The Spearman correlation coefficient is a parameter-free (distribution independent) test for measuring the strength of the association between variables. The Spearman correlation coefficient is solved according to the ranking of the original data34. Regardless of how the data of the two variables change and what distribution they fit, the order of the values is the only thing that is of interest. Two variables are significantly correlated if their corresponding values are ranked in the same or similar order within the group. In particular, if one variable is a strictly monotonic function of another variable, the Spearman Correlation Coefficient is equal to +1 or −1. The Spearman correlation coefficients of the variables R and S follow the equation:

$$P = \frac{{\mathop {\sum }\nolimits_{i = 1}^N (R_i - \tilde R)(S_i - \tilde S)}}{{\sqrt {\mathop {\sum }\nolimits_{i = 1}^N (R_i - \tilde R)^2\mathop {\sum }\nolimits_{i = 1}^N (S_i - \tilde S)^2} }} = 1 - \frac{{6{\sum} {d_i^2} }}{{N(N^2 - 1)}}$$
(9)

Where, Ri and Si are are the values of the variable R and S with rank i. \(\tilde R\) and \(\tilde S\) are the means of variables R and S, respectively. N is the total number of observations, and di = Ri-Si, denoting the difference of variables in the same rank.

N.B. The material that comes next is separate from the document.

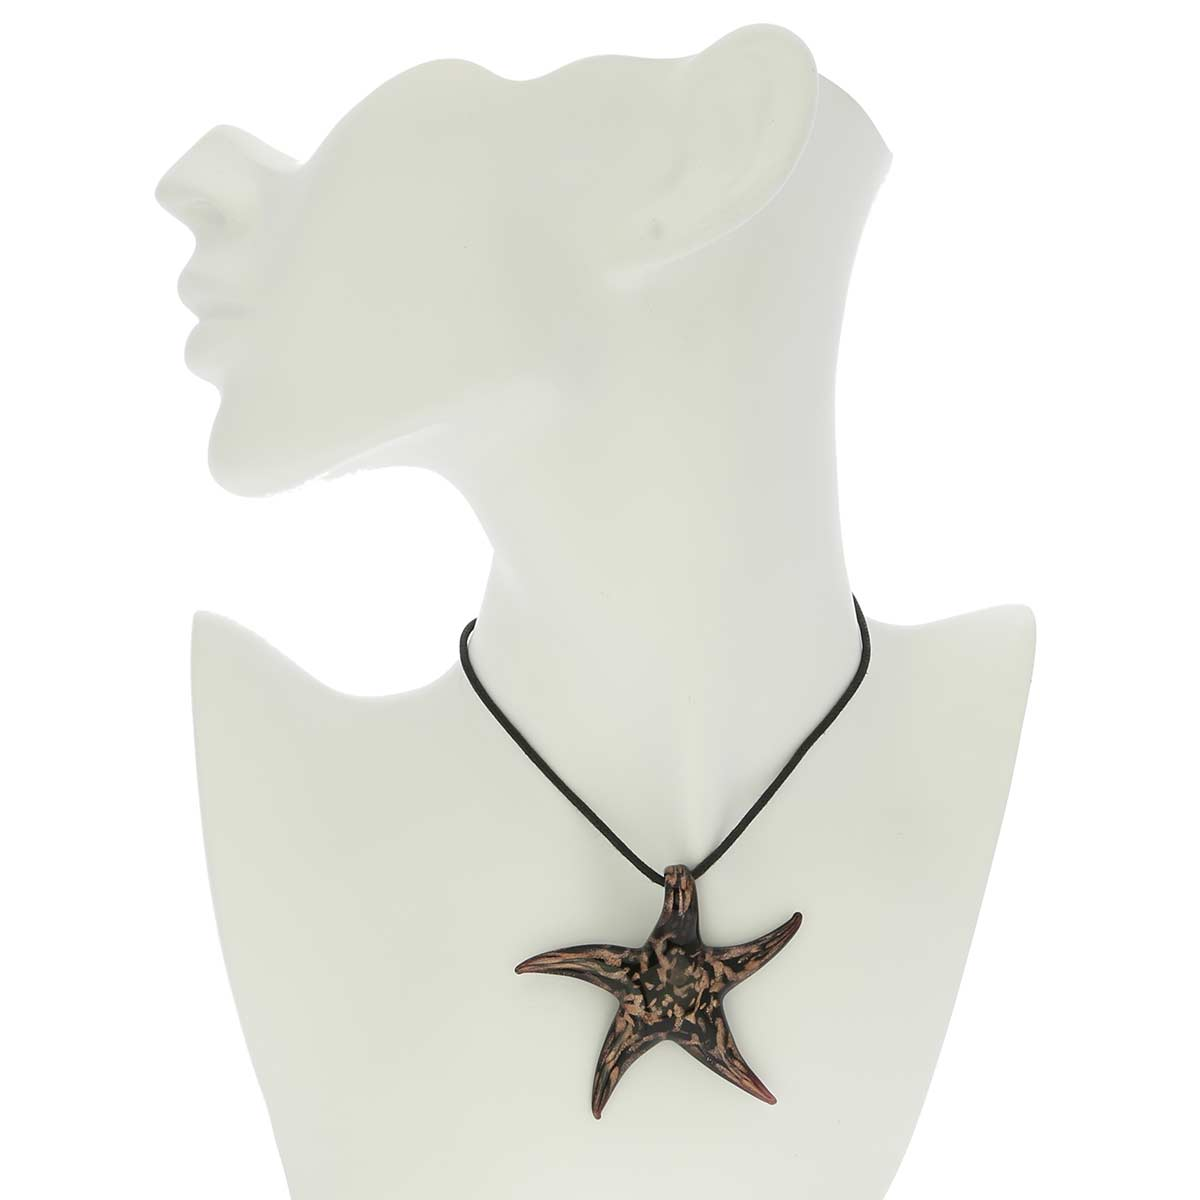 Avventurina Black and Champagne Starfish pendant

Explaining machine learning

The SHAP interpretation method is extended from the concept of Shapley value in game theory and aims to fairly distribute the players’ contributions when they achieve a certain outcome jointly26. SHAP values can be used in ML to quantify the contribution of each feature in the model that jointly provide predictions. The Shapley values of feature i in the model is:

$$Shap(i) = \mathop {\sum}\nolimits_{k \subseteq M\left\{ i \right\}} {\frac{{k!(N - k - 1)!}}{{k!}}} [f_x\left( {k \cup \left\{ i \right\} - f_x(k)} \right.]$$
(10)
$$f_x(k) = E[f(x)|x_k]$$
(11)

Where, N denotes a subset of the features (inputs). M{i} is the set of all possible combinations of features other than i. E[f(x)|xk] represents the expected value of the function on subset k. The prediction result y of the model is given in the following equation.

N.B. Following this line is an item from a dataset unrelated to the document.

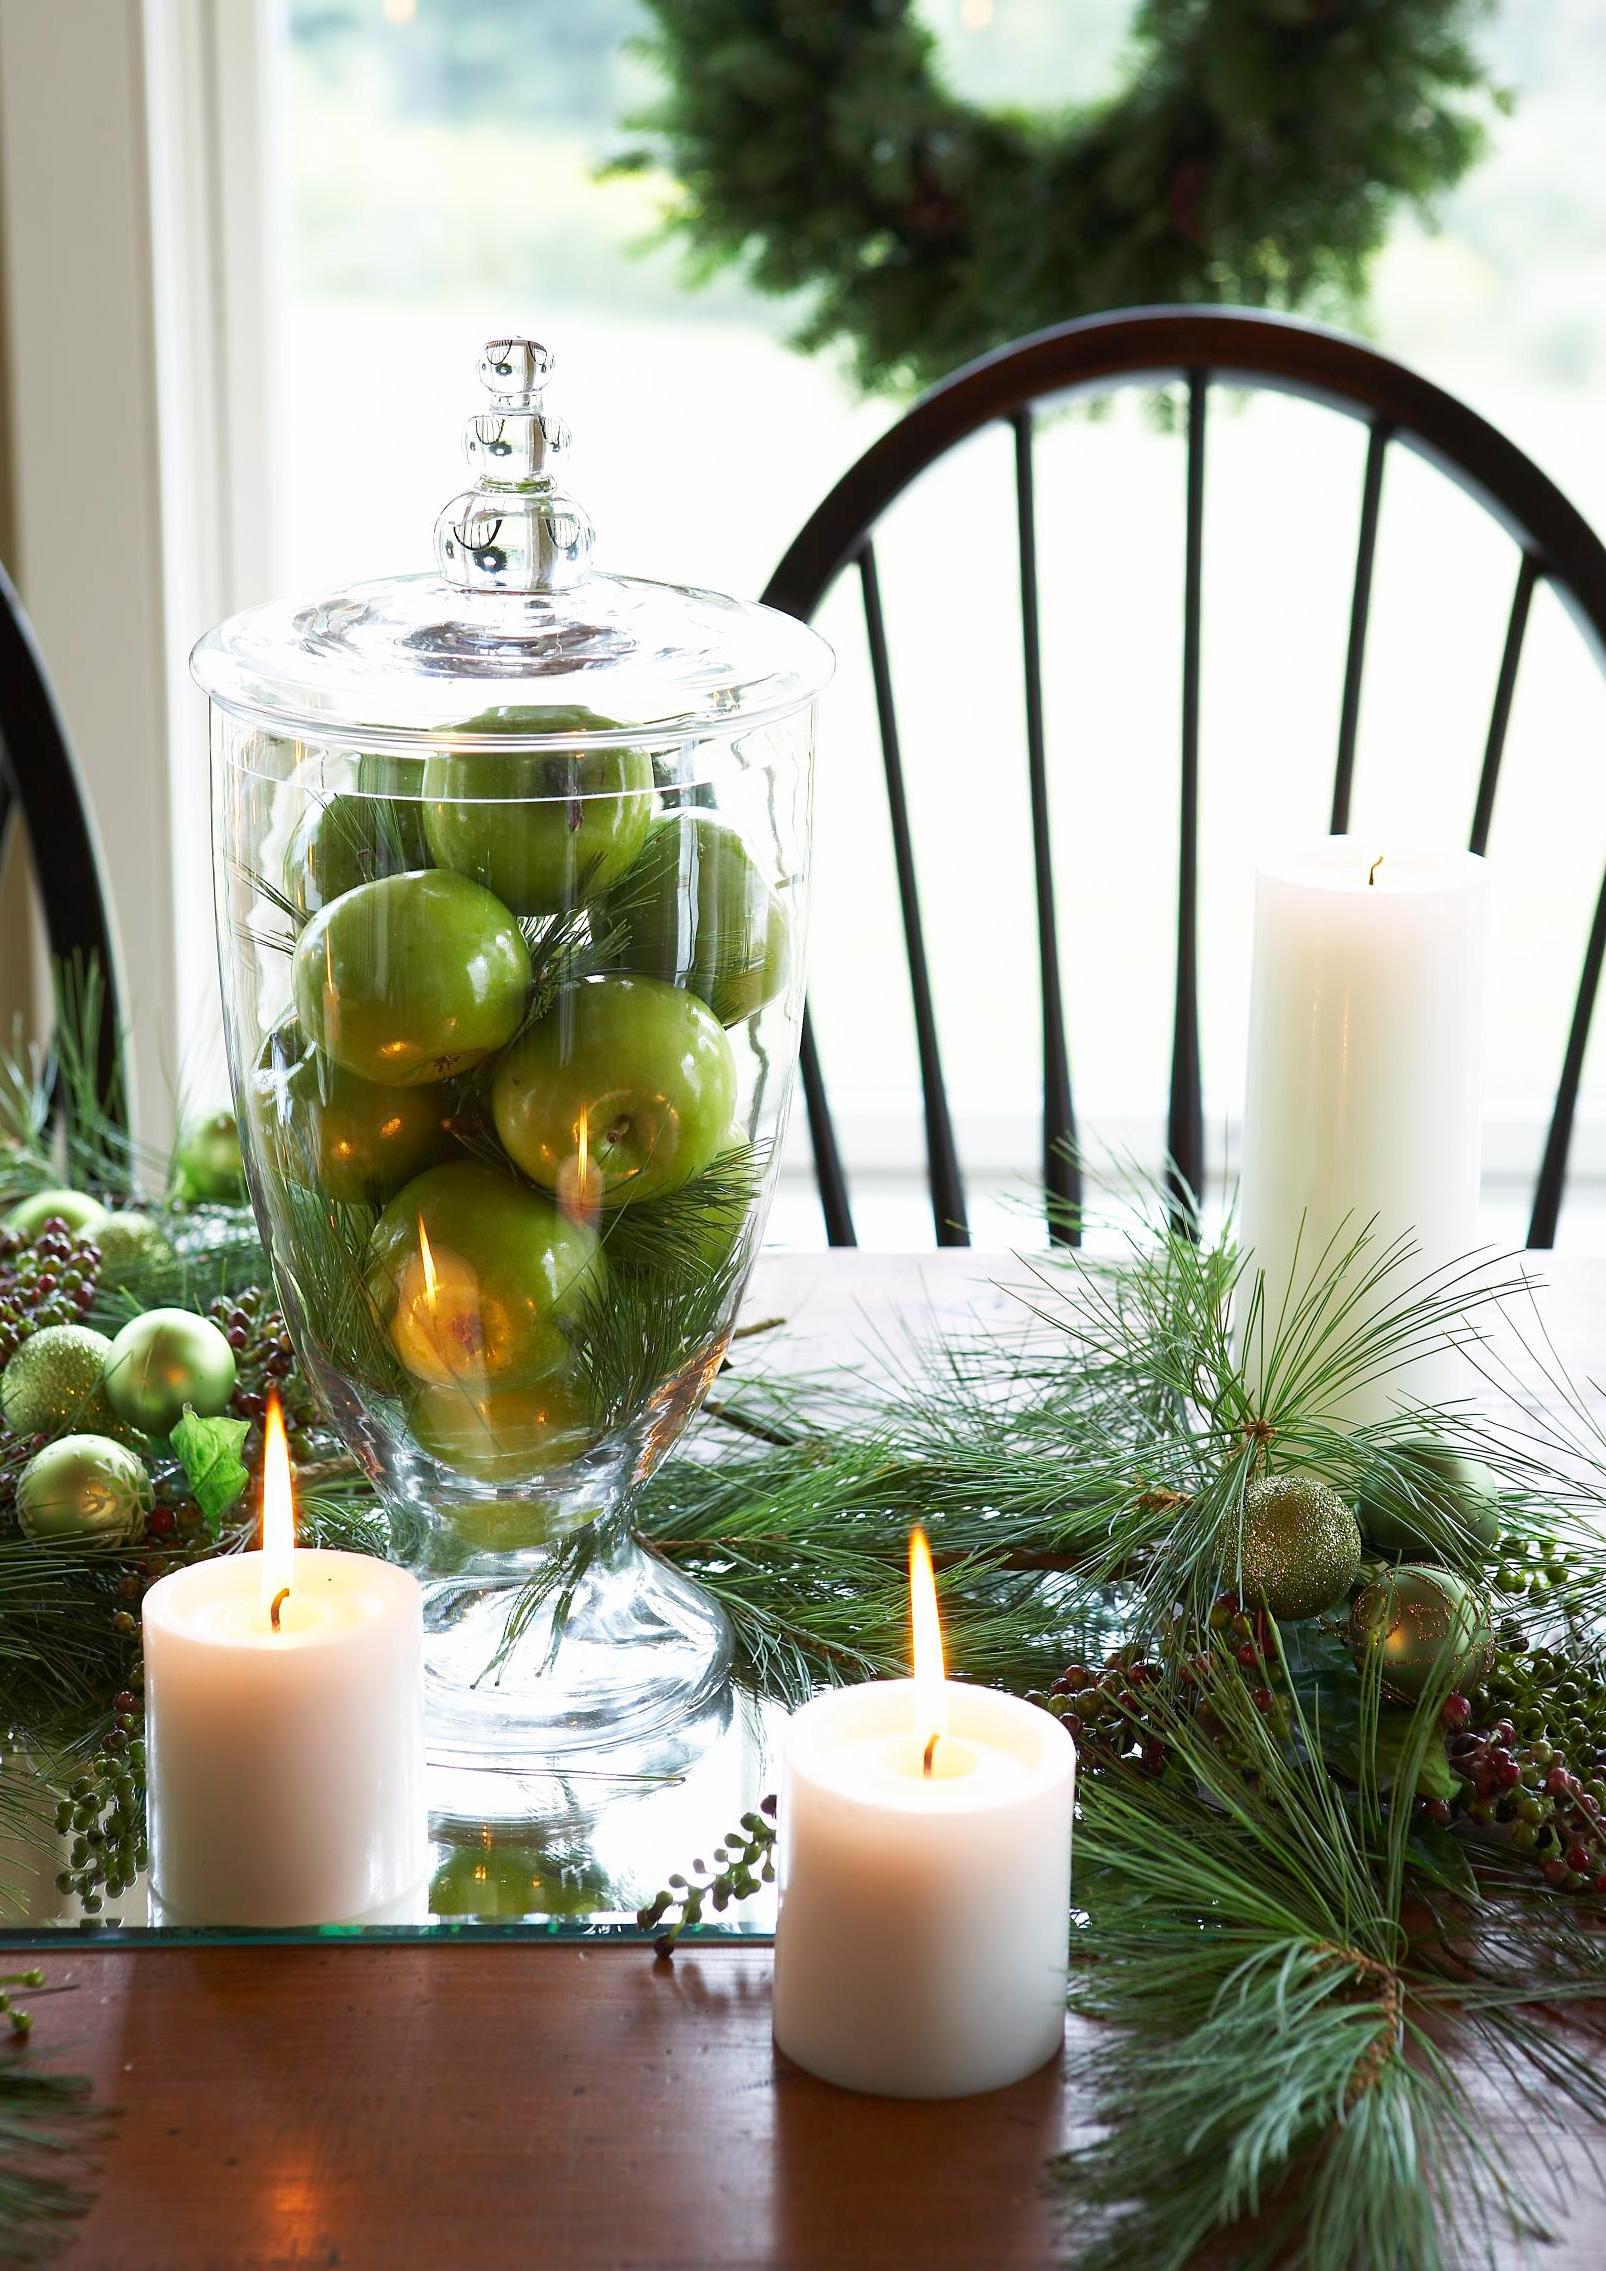 Christmas centerpiece ideas: apples

$$y = Shap_0 + \mathop {\sum}\limits_{i = 1}^N {Shap(i)}$$
(12)

Here, shap0 is the average prediction of all observations and the sum of all SHAP values is equal to the actual prediction. Further, the absolute SHAP value reflects the strength of the impact of the feature on the model prediction, and thus the SHAP value can be used as the feature importance score49,50.

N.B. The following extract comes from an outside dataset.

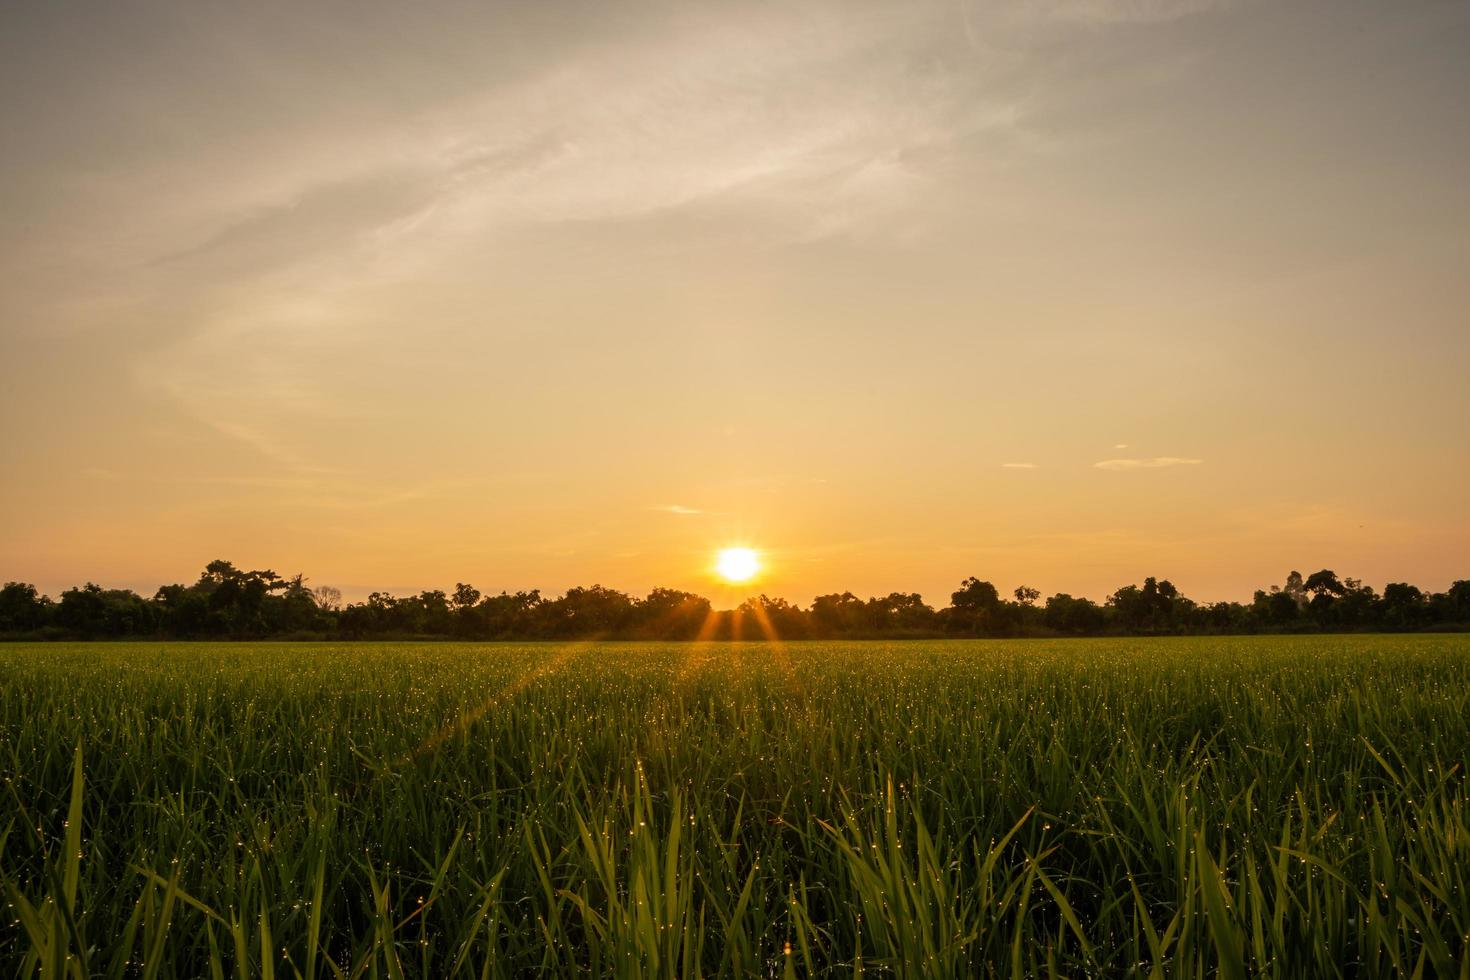 Sonnenaufgang im Reisfeld foto

The ALE plot describes the average effect of the feature variables on the predicted target. The most important property of ALE is that it is free from the constraint of variable independence assumption, which makes it gain wider application in practical environment. The key to ALE is to reduce a complex prediction function to a simple one that depends on only a few factors29. Then, the ALE plot is able to display the predicted changes and accumulate them on the grid. To quantify the local effects, features are divided into many intervals and non-central effects, which are estimated by the following equation.

$$\hat {\tilde f}_{j,ALE(x)} = \mathop {\sum}\limits_{k = 1}^{k_j(x)} {\frac{1}{{n_j(k)}}} \mathop {\sum}\limits_{i:x_j^i \in N_j(k)} {[f({{{\mathrm{Z}}}}_{k,j},x_j^i) - f({{{\mathrm{Z}}}}_{k - 1},x_j^i)]}$$
(13)

Where, Zi,j denotes the boundary value of feature j in the k-th interval. nj(k) represents the sample size in the k-th interval. i:xji is the k-th sample point in the k-th interval, and x denotes the feature other than feature j. To make the average effect zero, the effect is centered as:

$$\hat {\tilde f}_{j,ALE(x)} = \hat {\tilde f}_{j,ALE(x)} - \frac{1}{n}\hat {\tilde f}_{j,ALE}(x_j^i)$$
(14)

It means that the average effect is subtracted for each effect. Compared to the average predicted value of the data, the centered value could be interpreted as the main effect of the j-th feature at a certain point.

Performance metrics

In order to quantify the performance of the model well, five commonly used metrics are used in this study, including MAE, R2, MSE, RMSE, and MAPE. Their equations are as follows.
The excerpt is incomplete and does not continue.